@roostjs/ai
Class-based AI agents with typed tools, conversation memory, and streaming. Powered exclusively by Cloudflare Workers AI — no API keys required.
Installation
bun add @roostjs/ai @roostjs/schemaConfiguration
The AI package uses Cloudflare Workers AI exclusively. There are no
API keys and no external AI providers. The AI binding must be declared
in wrangler.jsonc:
{
"ai": { "binding": "AI" }
}Register the service provider to inject the provider into all agent classes:
import { AiServiceProvider } from '@roostjs/ai';
app.register(AiServiceProvider);The default model is @cf/meta/llama-3.1-8b-instruct. Override per class
using the @Model decorator.
Agent API
Agent is an abstract base class. Extend it and implement
instructions(). One agent instance represents one conversation.

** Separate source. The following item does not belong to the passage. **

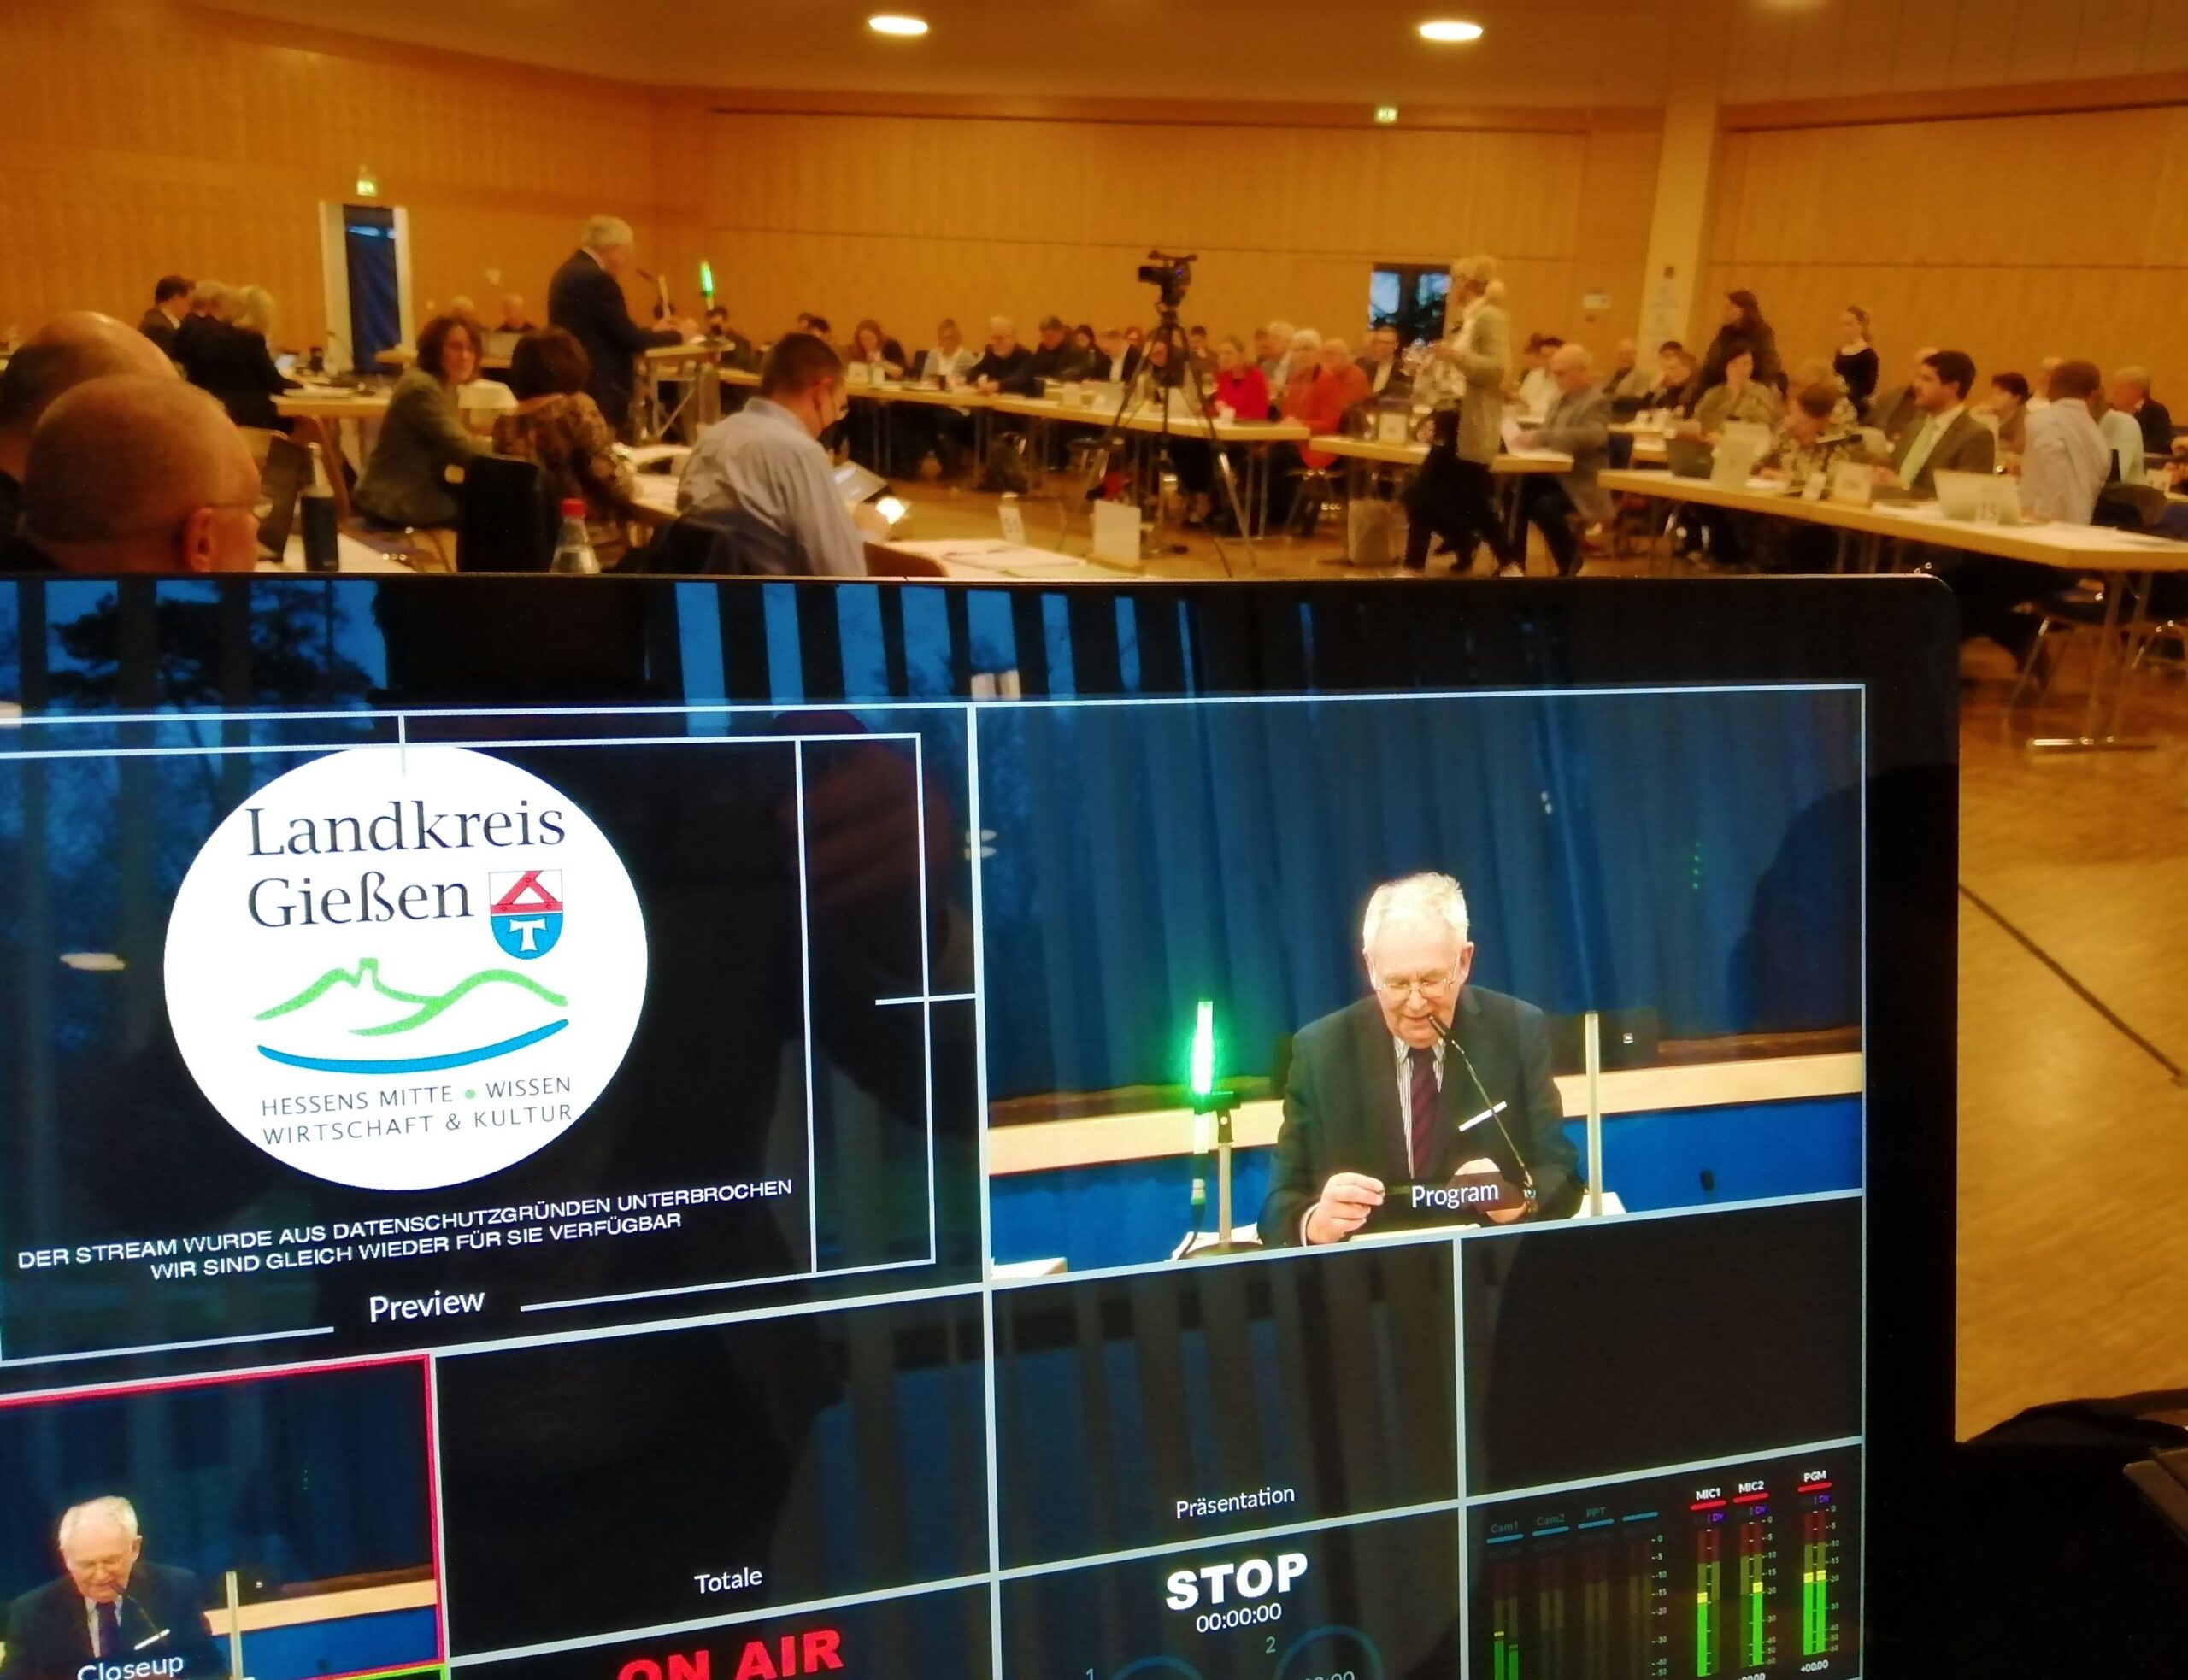 Ein Bildschirm, auf dem eine Person am Mikrofon zu sehen ist. Daneben ist das Landkreis-Gießen-Logo eingeblendet. Im Hintergrud sitzen Personen an Tischen.

abstract instructions(): string
Returns the system prompt sent as the first message in every conversation turn.
async prompt(input: string, options?: Partial<AgentConfig>): Promise<AgentResponse>
Send a user message. Appends the message to the conversation history, calls the
Cloudflare AI model, executes any tool calls returned by the model (up to
maxSteps), and returns the final response. Conversation history is
retained on the instance for subsequent calls.
const response = await agent.prompt('Hello');
console.log(response.text); // Model text response
console.log(response.toolCalls); // Tool calls made (if any)
console.log(response.messages); // Full message historyasync stream(input: string): Promise<ReadableStream<Uint8Array>>
Send a user message and return a Server-Sent Events stream. Each chunk is a JSON
object with a type field ('text-delta' or 'done').
static setProvider(provider: AIProvider): void
Set the AI provider for this agent class. Called automatically by
AiServiceProvider during boot. Use in tests or custom setups.
static clearProvider(): void
Remove the provider set via setProvider().
static fake(responses?: string[]): void
Enable fake mode. All prompt() calls return from the responses
array in order (cycling the last response when exhausted) without calling the AI binding.
static restore(): void
Disable fake mode and restore normal provider behaviour.
static assertPrompted(textOrFn: string | ((prompt: string) => boolean)): void
Assert that at least one prompt() call matched. Accepts a substring
or a predicate function. Throws if no match is found. Only valid after
fake().
static assertNeverPrompted(): void
Assert that no prompt() calls were made. Only valid after fake().
HasTools Interface
Implement HasTools on an agent subclass to enable tool use. The agent
will pass all registered tools to the model and execute their handlers when the
model requests a tool call.
tools(): Tool[]
Return the list of tool instances available to this agent.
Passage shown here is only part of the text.